Alors que la poussière retombe sur la récente annonce choc de TikTok Canada, le paysage culturel de Toronto fait face à une perturbation majeure. Le géant des médias sociaux a confirmé hier qu’il mettait fin à tous ses partenariats artistiques canadiens—incluant ses collaborations de longue date avec le Festival international du film de Toronto (TIFF) et les Prix Juno—à l’approche de sa fermeture planifiée.
En parcourant la rue King hier, où les salles du TIFF s’animeront bientôt, l’impact de cette décision était palpable. Les organisateurs du festival semblaient visiblement préoccupés devant le TIFF Bell Lightbox, où des réunions d’urgence se tiendraient en continu depuis l’annonce.
« Cela représente un manque à gagner considérable alors que le festival débute dans à peine deux mois, » a révélé Sarah Martinez, coordinatrice des commandites du TIFF, lors d’une entrevue impromptue sur le trottoir. « TikTok a joué un rôle crucial pour connecter notre programmation avec les jeunes publics depuis 2021. »
Le départ imminent de la plateforme découle de la Loi sur les nouvelles en ligne, qui oblige les plateformes numériques à rémunérer les éditeurs canadiens pour le contenu partagé sur leurs sites.

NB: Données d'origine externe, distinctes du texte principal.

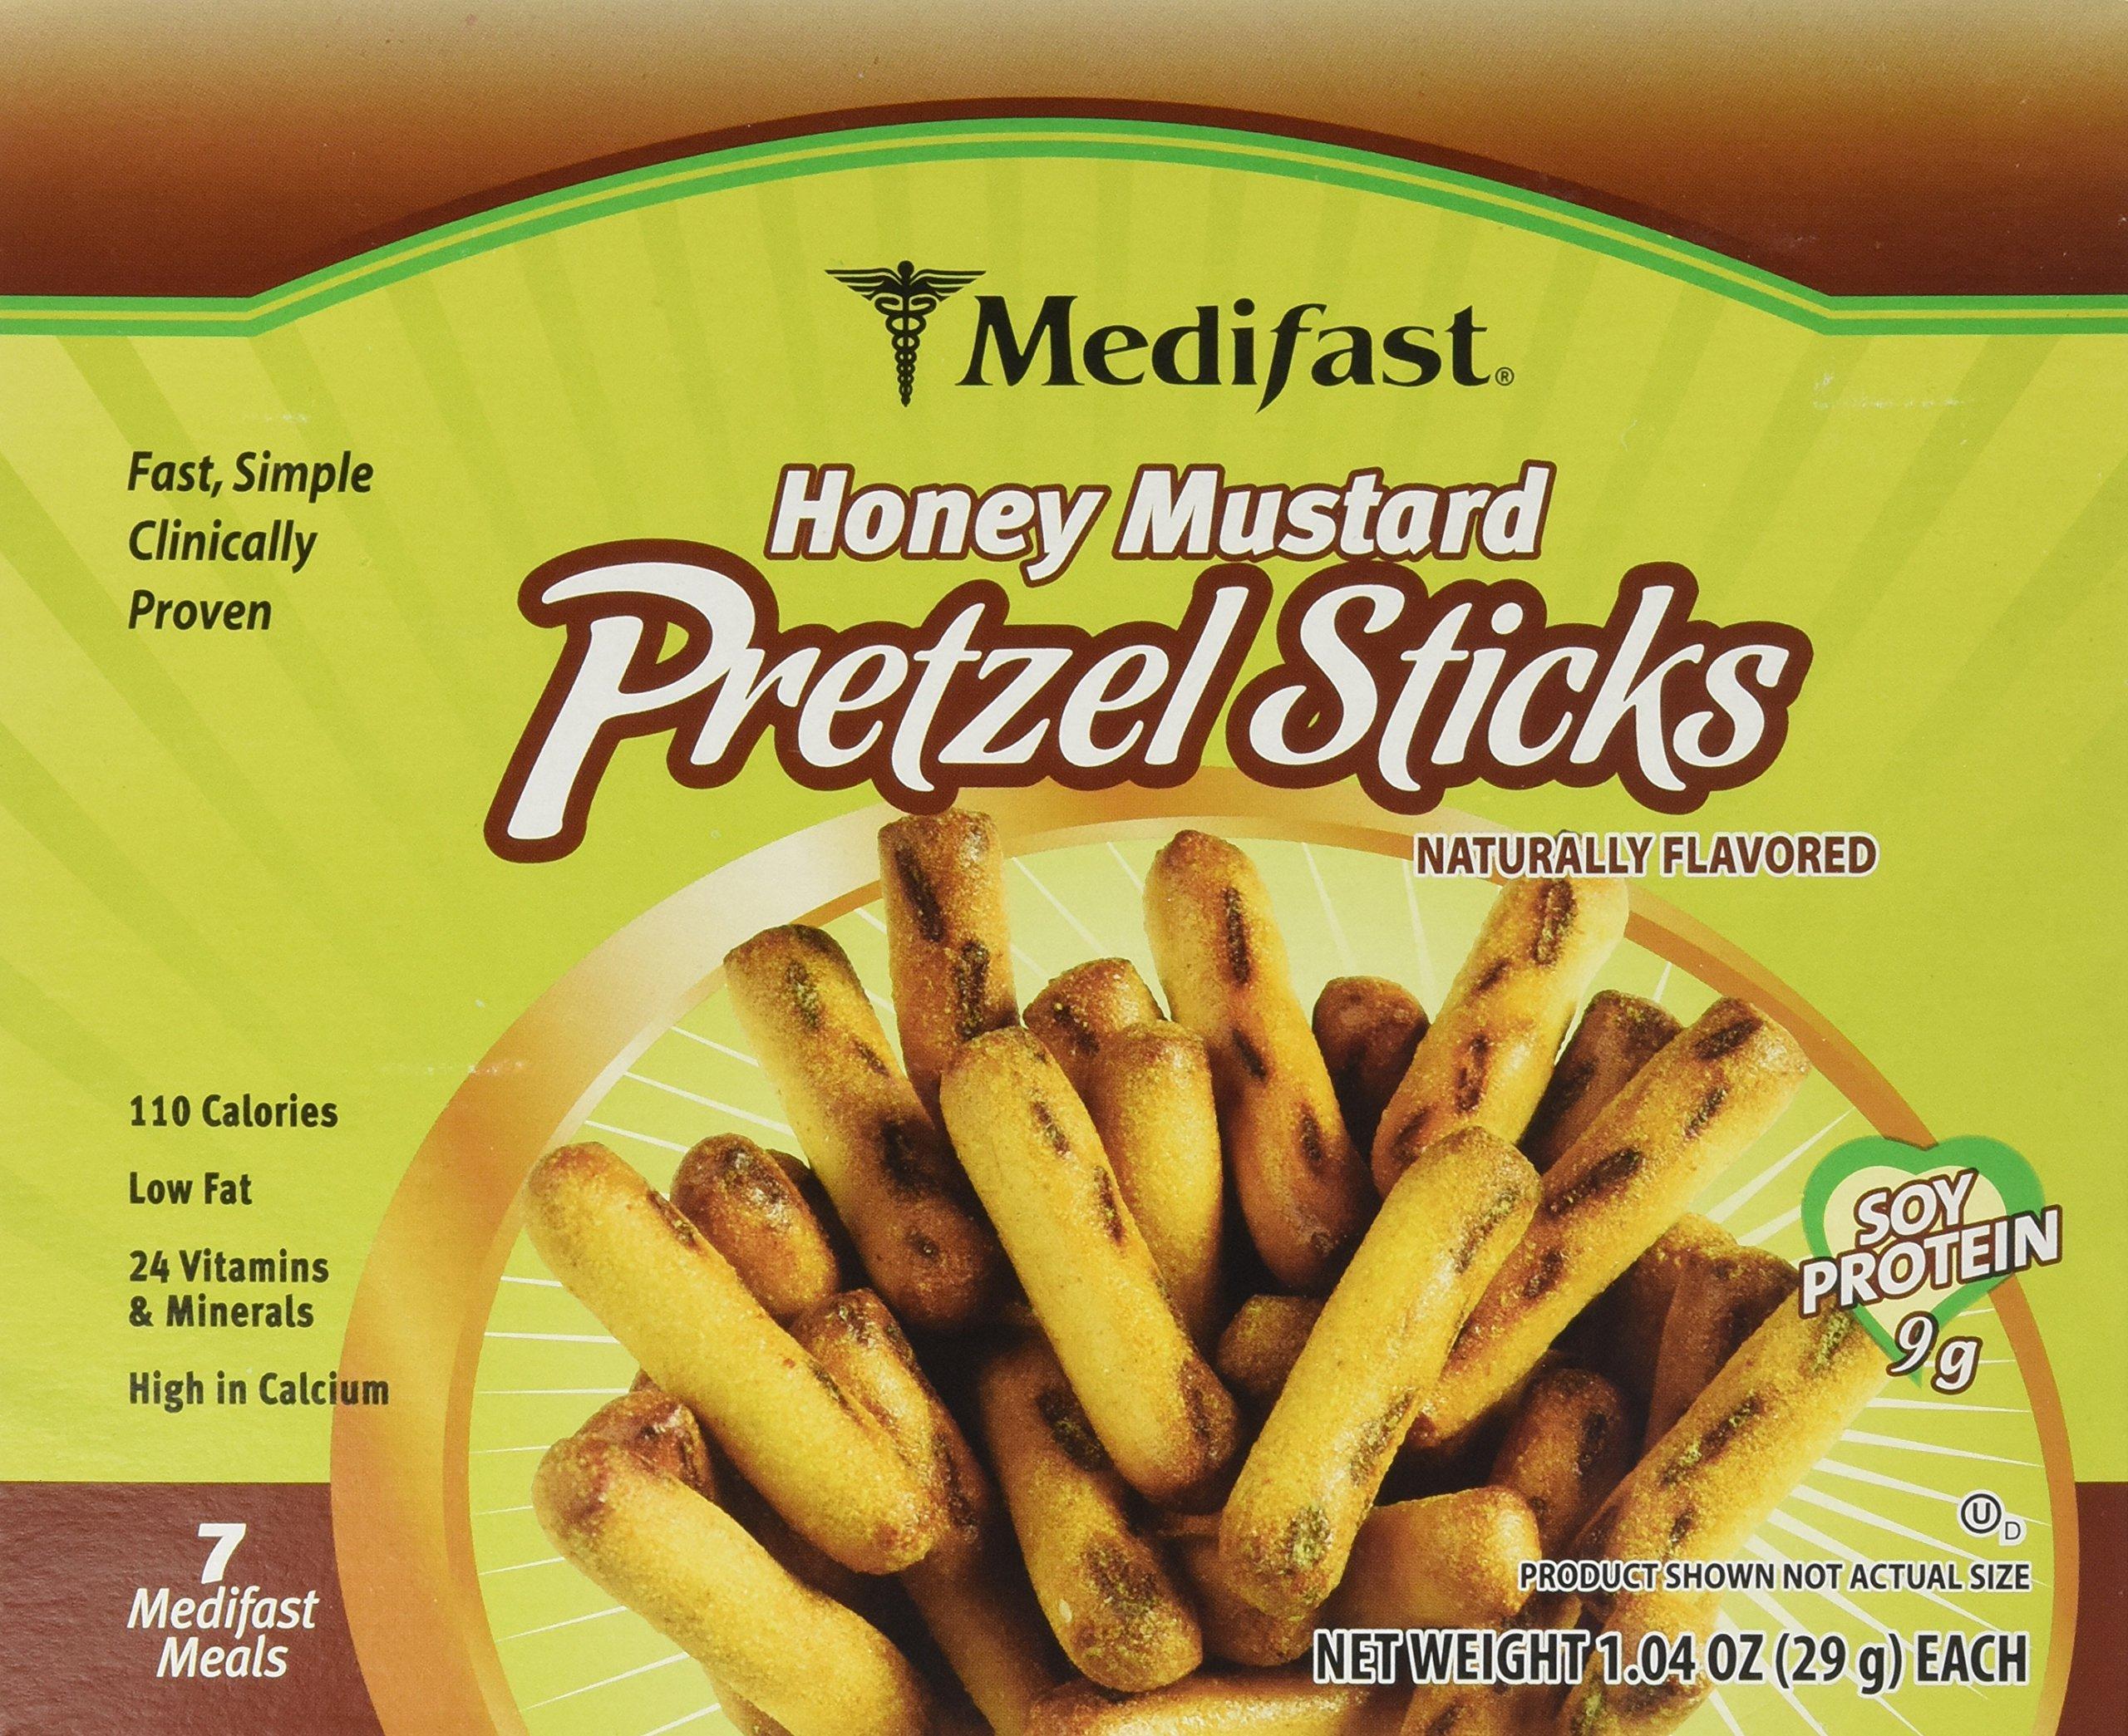 Medifast Honey Mustard Pretzel Sticks 1 Box (7 Servings)

Plutôt que de s’y conformer, TikTok a annoncé en juin qu’elle cesserait ses activités canadiennes d’ici le 31 octobre.
Les experts du secteur estiment la commandite de TikTok au TIFF à environ 750 000 $ par an, bien que les chiffres officiels demeurent confidentiels. Ce partenariat était devenu de plus en plus visible ces dernières années, avec l’expérience tapis rouge estampillée TikTok attirant l’attention des festivaliers et créant un précieux élan sur les réseaux sociaux.
L’Académie canadienne des arts et des sciences de l’enregistrement fait face à des défis similaires avec ses Prix Juno, où TikTok jouait un rôle essentiel dans les stratégies d’engagement du public.

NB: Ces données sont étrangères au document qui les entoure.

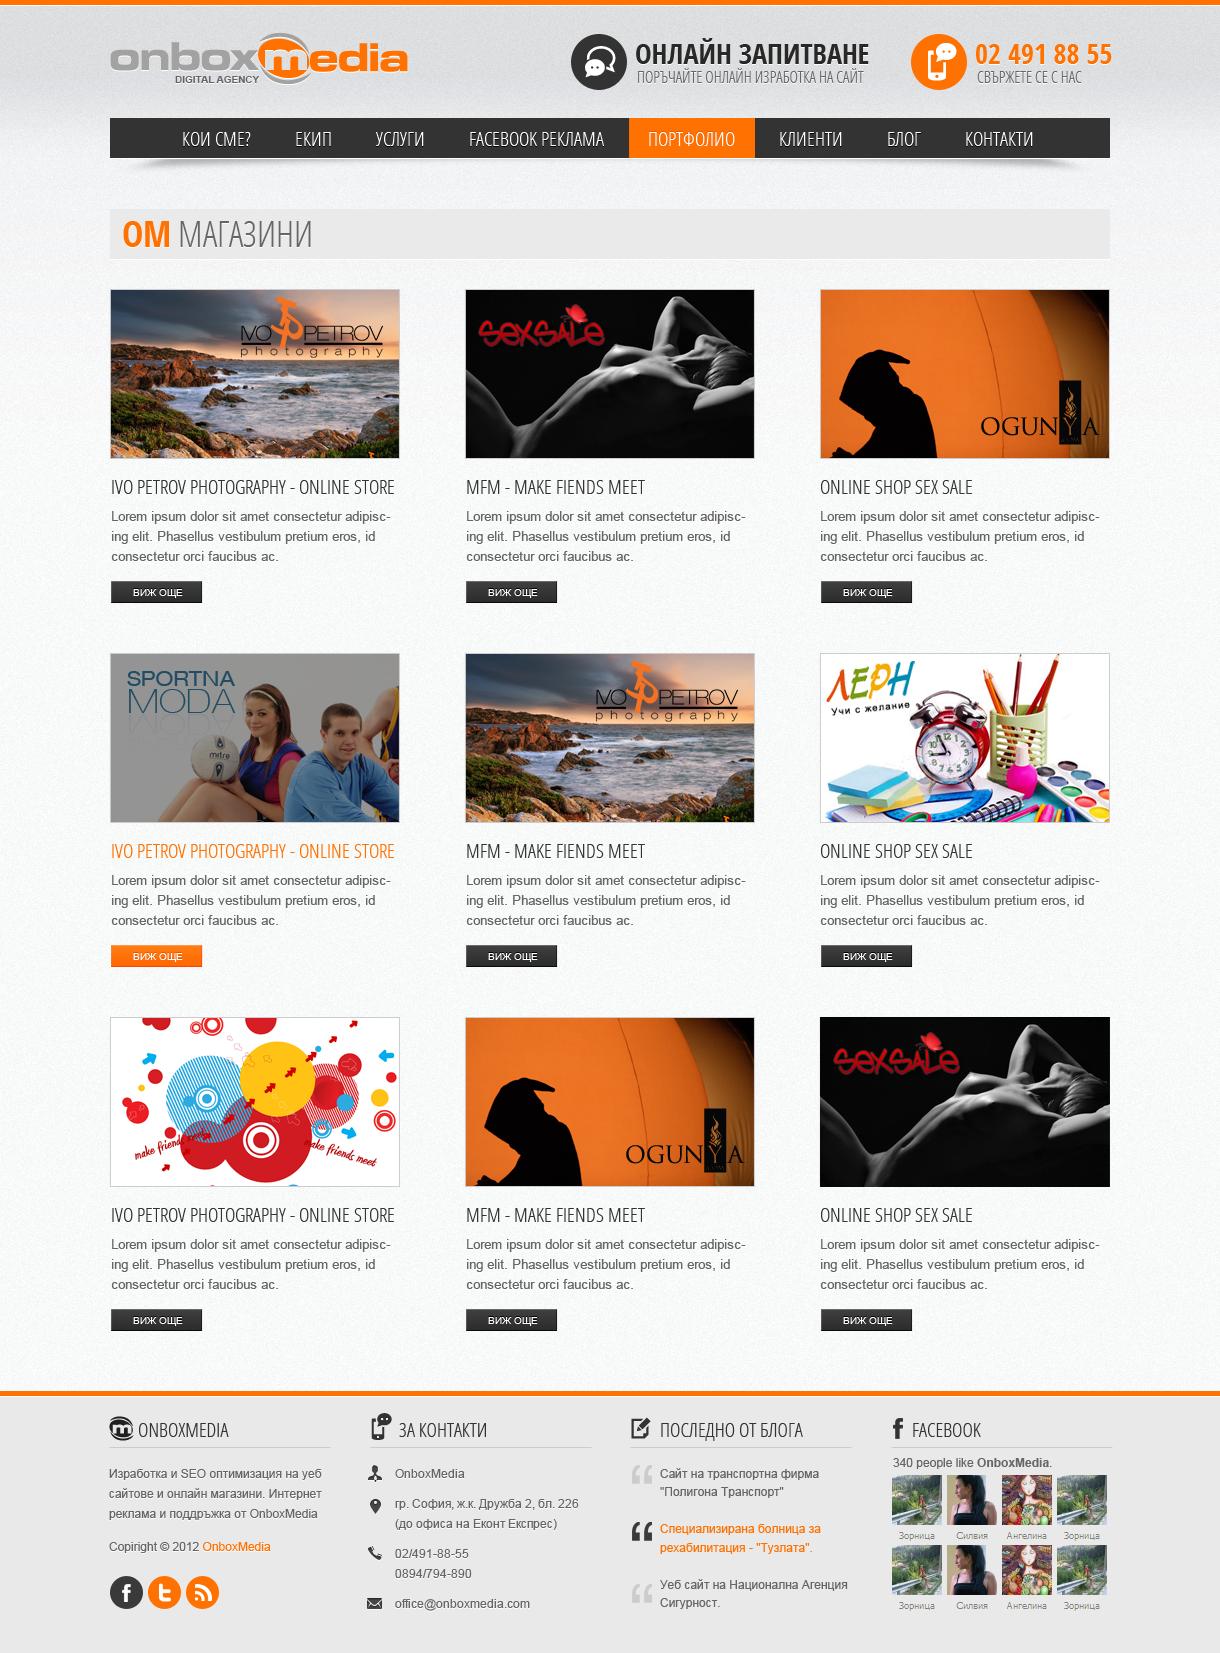 onboxmedia_portfolio

« Les plateformes numériques sont devenues indispensables pour connecter les artistes émergents avec de nouveaux publics, » a expliqué Jacqueline Thomas, spécialiste du marketing numérique chez Coalition Music à Toronto. « Ce retrait crée un vide important dans la façon dont nous mettons en valeur le talent canadien pendant la saison des récompenses. »
Hier après-midi, à Dundas Square, j’ai observé plusieurs créateurs TikTok filmant du contenu pour promouvoir les prochains événements du TIFF—beaucoup ignorant que leur plateforme disparaîtrait bientôt du paysage numérique canadien.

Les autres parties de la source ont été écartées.